The Markets' Mini-Meltdown


Dear Readers,
I live with a recovering investment professional.  Days like today remind me why I am glad that he is a retired person.  I am going to expound on the situation, and hope that you don't decide it's boring or too complicated and click away.  I'll add parentheticals and italicizations (have I just coined another word?) and try to make it as plain as I can.  But I was laughing so hard by the close of business today that I just had to share the joy. 
a/b
*****

 Procter and Gamble's stock took a little tumble towards the end of trading today. 


http://finance.yahoo.com/q?s=PG


As the graph so eloquently depicts, something happened at 2:4opm.

There it was, tooling along in the area of $60 a share when suddenly there was a trade at $39.
A trade = a buyer and a seller.

Almost immediately, the entire market followed suit.

http://www.marketwatch.com/story/us-stocks-end-lower-after-nightmarish-day-2010-05-06?dist=afterbell

The lines represent the Dow, the S&P 500, and the NASDAQ Composite indices. 
If you don't know what that means, feel comfortable looking at it and seeing the way business went for the major players in the stock market today.

How can this happen, you ask?  Well, Dear Readers, it's a two part question, even if you didn't know it when you posed it.  And I, Ashleigh Burroughs, am here to present my theories.
As I said, there are two pieces to the inquiry: 
  • Why was there a trade at $39?
  • Why did one trade cause the entire market to fall down the rabbit hole?
The answers have a lot to do with the way stocks are traded these days.  Indulge me, if you will, as we travel down memory lane.  There have always been markets, and until very recently they were human-to-human interactions, kind of like this scene from Trading Places, minus the violence:

An oft-told Wall Street story is that of Gus Levy, Goldman Sach's entire trading department in the 1930's, carrying trade tickets in the inner brim of his hat as he made the rounds of his clients before heading to the floor of the New York Stock Exchange to begin his day.  Teletype machines (ticker tape parades were literally that: the strips of paper recording the day's trades came out of the machines and were tossed on the heads of dignitaries) and telephones added a layer of distance between the trading floor and the brokers and their clients.  Then came the computer, with its massive capabilities and an ability to act on its own.
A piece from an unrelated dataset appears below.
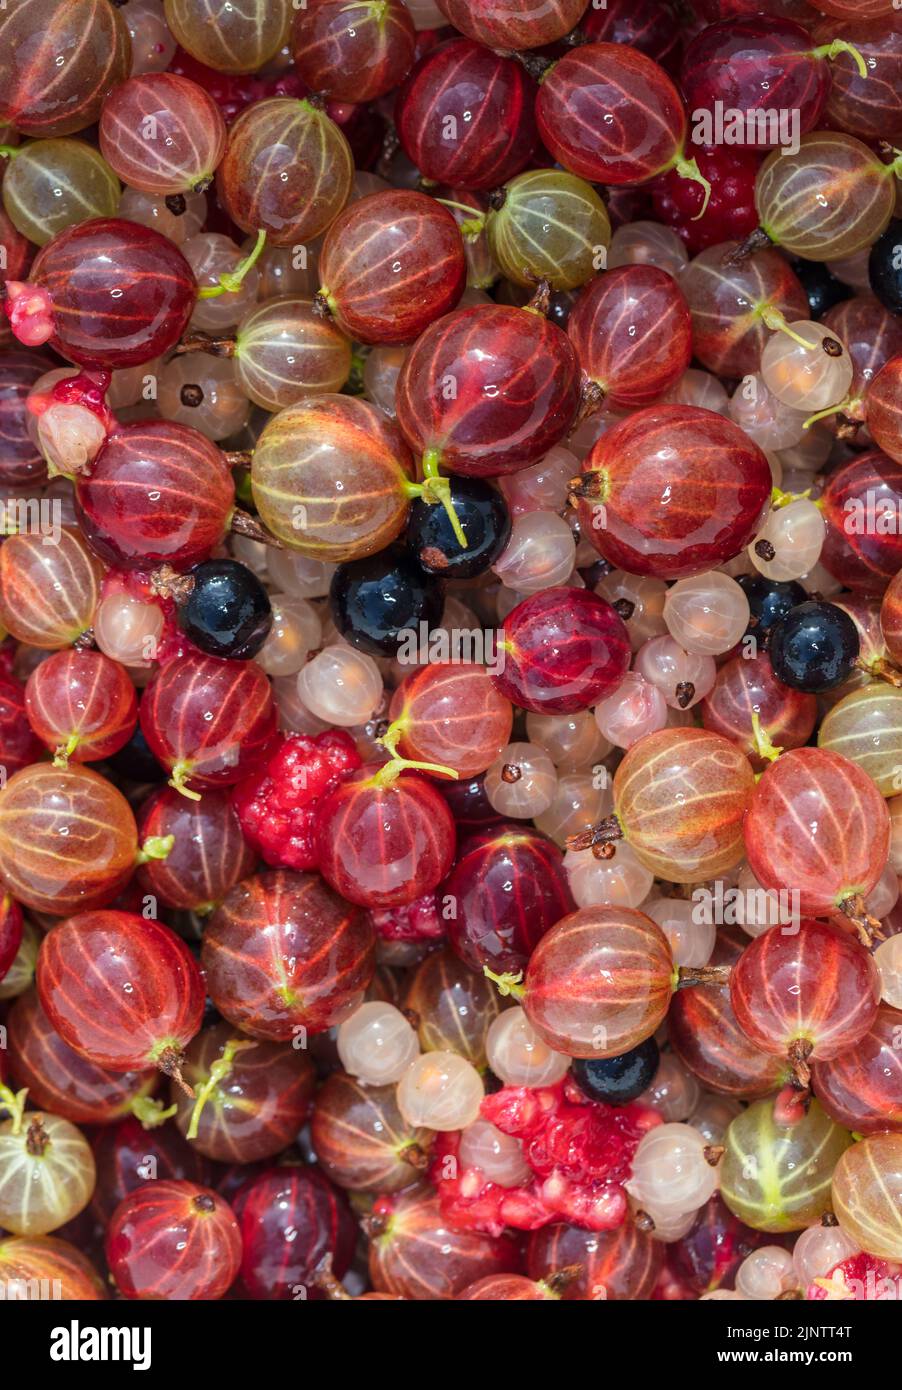 'Hinnonmäki Röd' Gooseberry, Krusbär (Ribes uva-crispa) Stock Photo

Well, ok, not really on its own, but let us look back to your second question, grasshopper, and discover why the entire market followed one stock's plunge.  Computing power allows investors to create automated trading strategies based on the performance of the markets over time and historical events and, I don't know, the weather maybe.  There are algorithms which take into account variations in the behaviors of certain stocks, or sectors of the market, or, who knows, the phases of the moon and which are fine tuned to recognize and recalibrate when things change, no matter how minutely. These programs are authorized (here's the "on its own" part) to send trading instructions to the market floor.  

Here's where the fun starts.  Since there was no human being to say "What is going on here?  This isn't right/rational/logical?" when the trade was made, it went through smoothly.  Immediately, the automated programs began to incorporate this precipitous drop into their calculations and presto, change-o, alakazam kazowie, the leading indicators were on their way down, too. 
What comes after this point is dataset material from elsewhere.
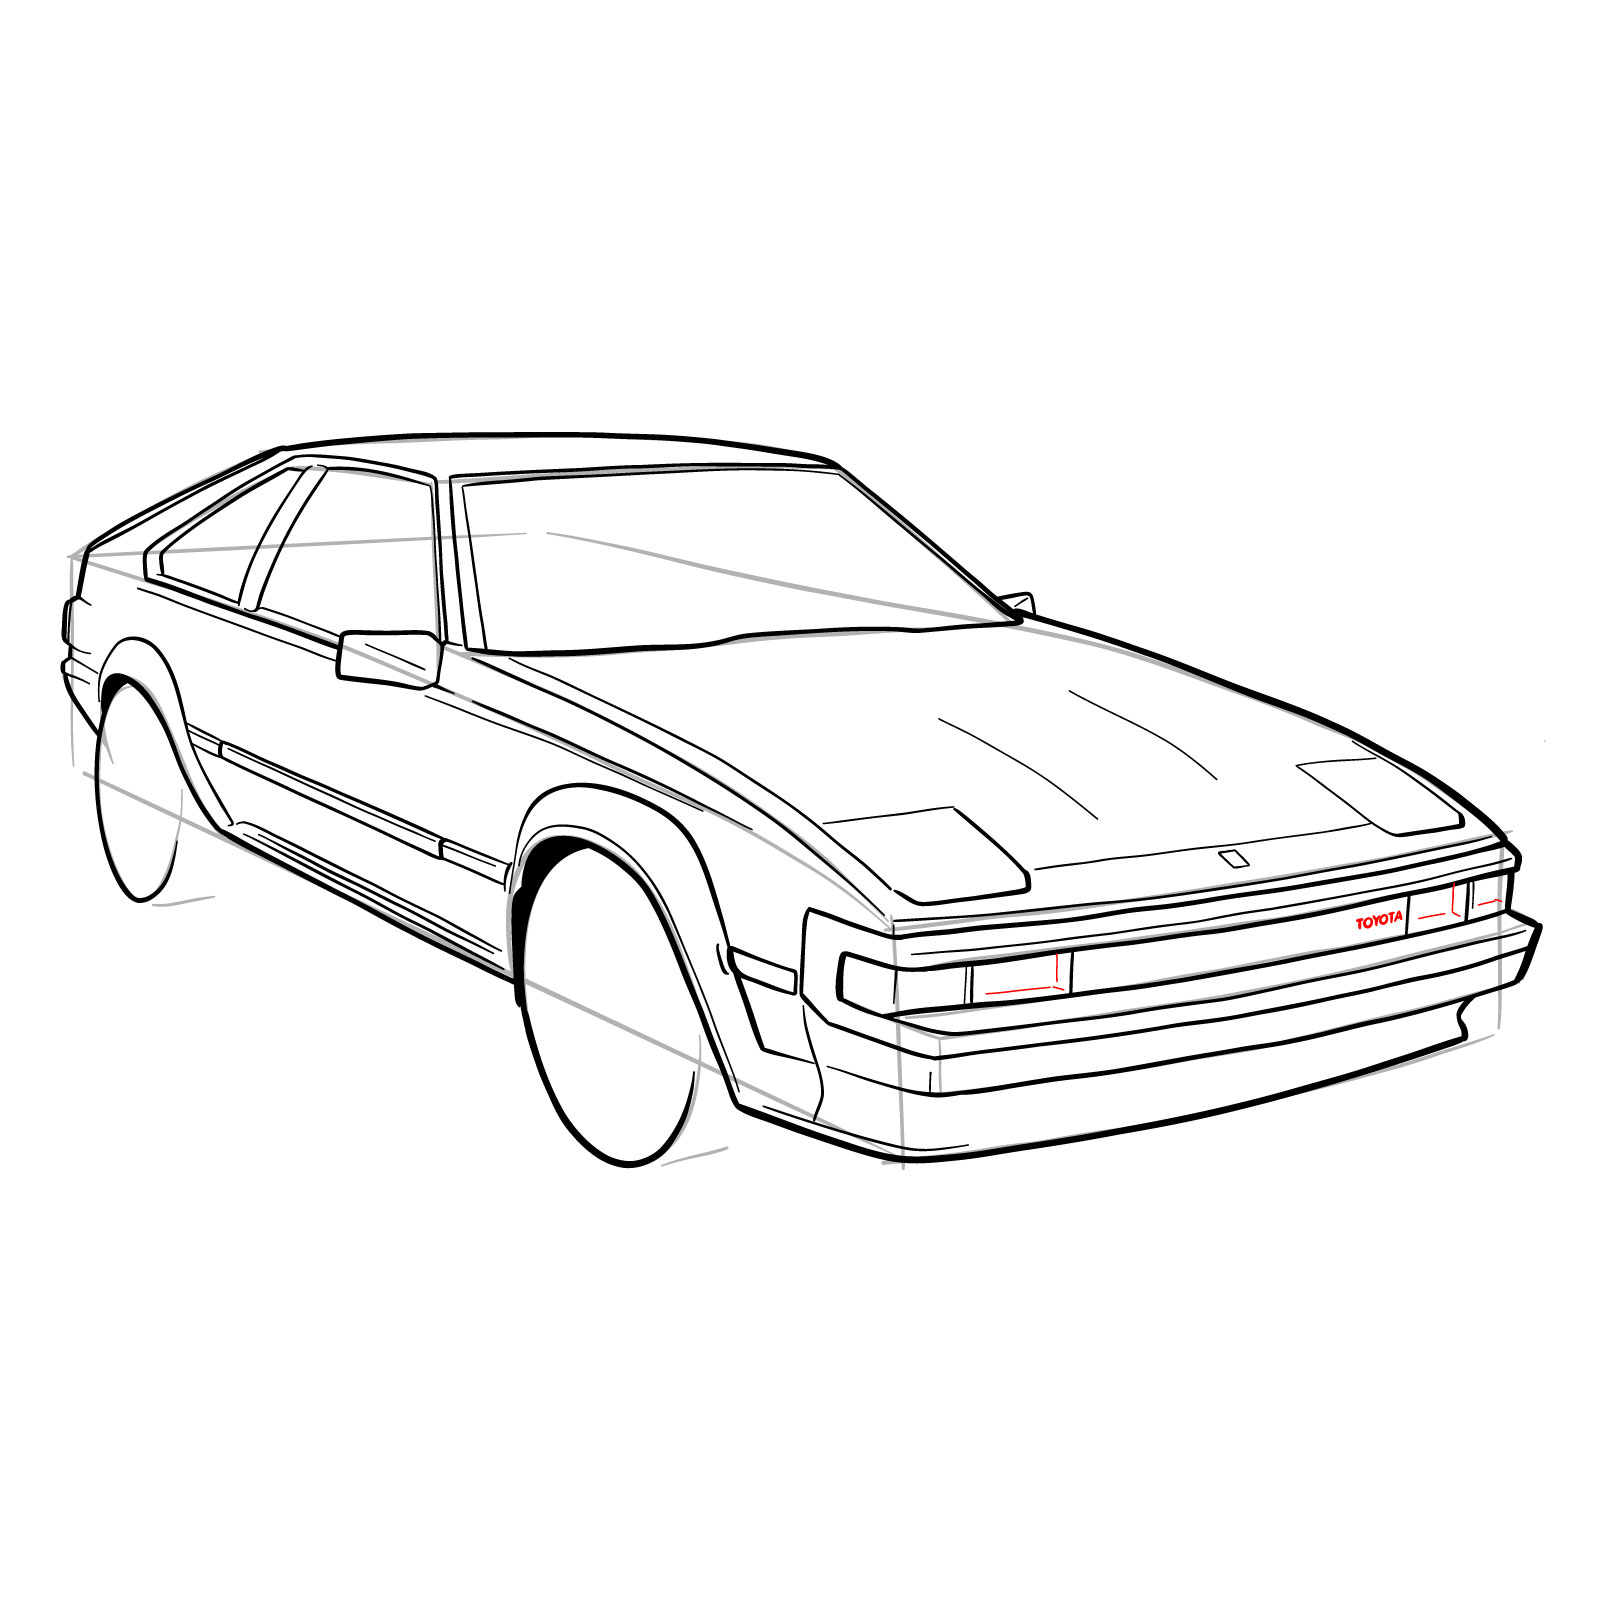 How to draw a 1985 Toyota Celica Supra P Type MK 2 - step 28

The panic didn't last long (the graph makes it seem like 20 minutes or so), and the talking heads were saying that the situation in Greece and Spain and the future of the EuroZone and the euro itself added to the stress, but they were shaken by the event.  

And what was that event, you might ask?  We are now back to Question #1 -- $39?????  And here's what I think:
Somewhere, at a trading desk, sits an order taker or a clerk or an assistant or associate.... some poor soul who is having a true Steve Urkel moment.
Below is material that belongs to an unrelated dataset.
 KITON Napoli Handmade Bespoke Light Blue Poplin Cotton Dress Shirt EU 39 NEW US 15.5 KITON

Or, as Sarah says to Chuck in episode 14 of season 3  (thanks to the Big Cuter for this reference), "I made an oopsy."

I picture this kid, staring blankly at his screen, waiting for the inevitable shoe to fall on his head, wondering how he could have keyed in 39 instead of 59.   Somehow I don't think a simple "My bad" will suffice.  

This is a happier solution for me than the only alternative I can conjure up: cyber terrorism.  Someone tried to blow up an SUV and half of Times Square on May Day, after all.  It's certainly within the realm of possibility that a bad guy hacked into a mainframe somewhere and tried some economic terrorism.  Perhaps this was a test run.  Perhaps not.  But I am happier with the typing mistake solution.  It helps me sleep at night.

We've seen a lot of evidence of the power of machines to wreak havoc with our financial system over the past year or two.  Given the ability to crunch the numbers, the quants were able to create investment vehicles which were arcane to the point of incomprehensibility.  All anyone really knew was that they were making money.  Lots and lots of money.  Until someone noticed that giving a $600,000 mortgage to a child care worker clearing $40,000 a year might lead her to default on that obligation.  Thus were born the credit default swaps, those bundled securities whose value Goldman Sachs is accused of betting against.  That is fodder for another post (stay tuned) but the basic premise is the same.  The machines really shouldn't be managing the store.  

Remember HAL?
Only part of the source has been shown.